October 2011 Issue
Food Intolerances vs. Food Allergies
By Maura Keller
Vol. 13 No. 10 P. 52
Here’s how to distinguish between them and make an accurate diagnosis.
Turn on the television or open a newspaper, and you’re likely to find information on food intolerance and allergies. From peanut allergies to celiac disease to lactose intolerance, more and more attention is being paid to these food issues, causing healthcare providers and consumers to take notice and evaluate food consumption.
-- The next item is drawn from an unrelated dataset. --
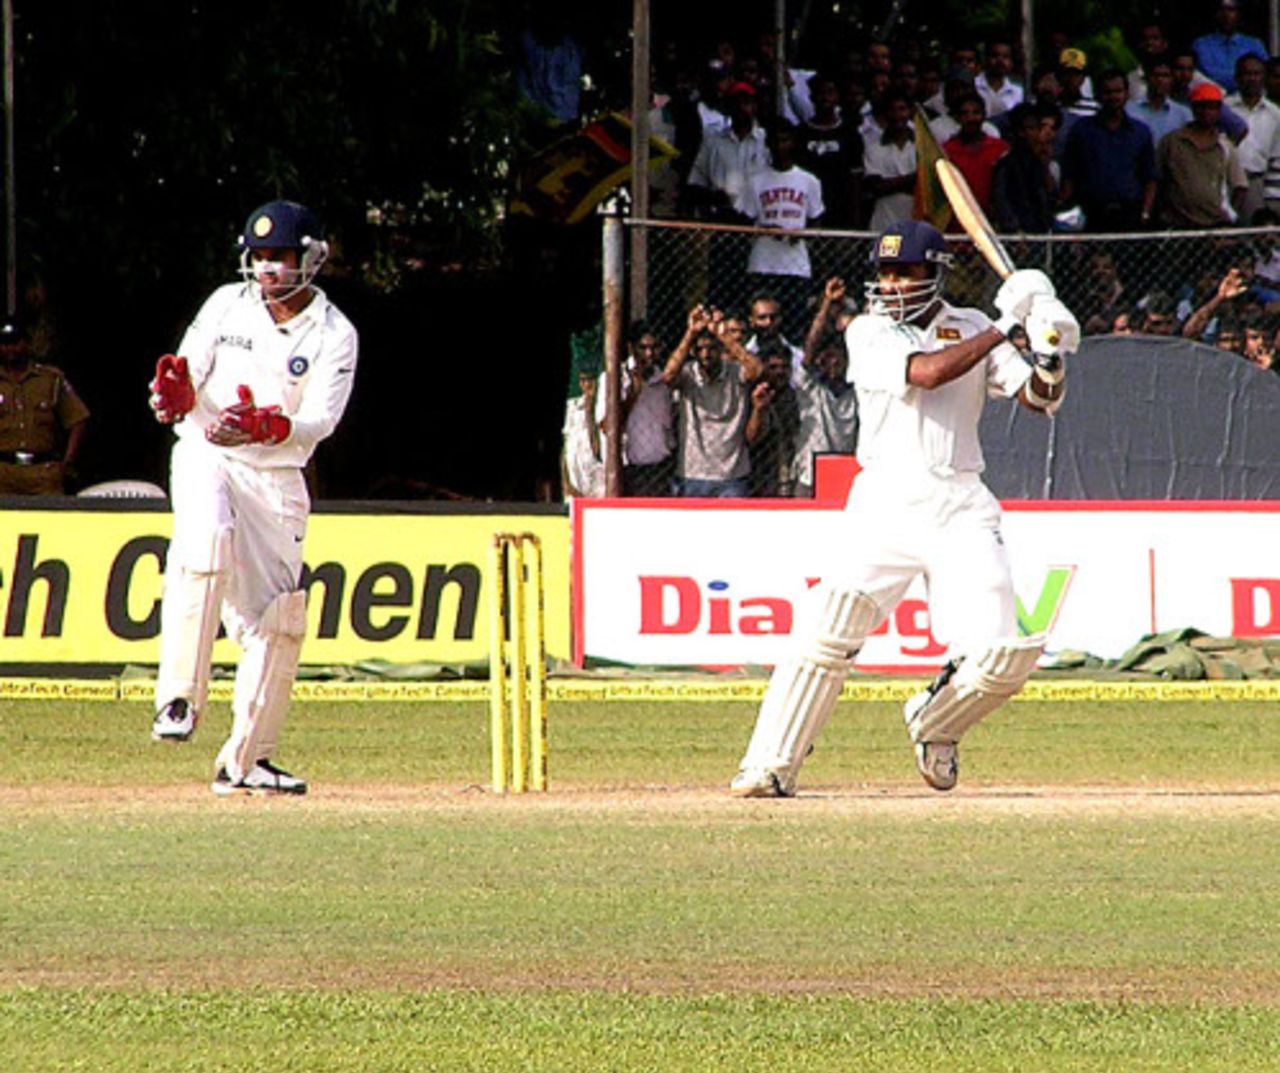 Mahela Jayawardene reaches his half-century while hitting the winning runs, Sri Lanka v India, 3rd Test, PSS, Colombo, 4th day, August 11, 2008

The differences between food allergies and food intolerances are often misunderstood because many people believe they’re the same; the truth is, they’re not.
“A food allergy is an immune system response when the body mistakes a particular food as a harmful substance,” says Melanie Silverman, MS, RD, IBCLC. “IgE antibodies are released, mounting a defense against the food in the body with a release of chemicals like histamine, causing the allergic reaction. Symptoms of an allergic reaction can manifest in a minor way as rashes, itching, hives, or swelling or in a severe way when people have serious trouble breathing and can lose consciousness. As a result, a food allergy can be fatal.”
As Silverman further explains, a food intolerance, often called a nonallergic food hypersensitivity, doesn’t involve the immune system and is more common than the diagnosis of a food allergy.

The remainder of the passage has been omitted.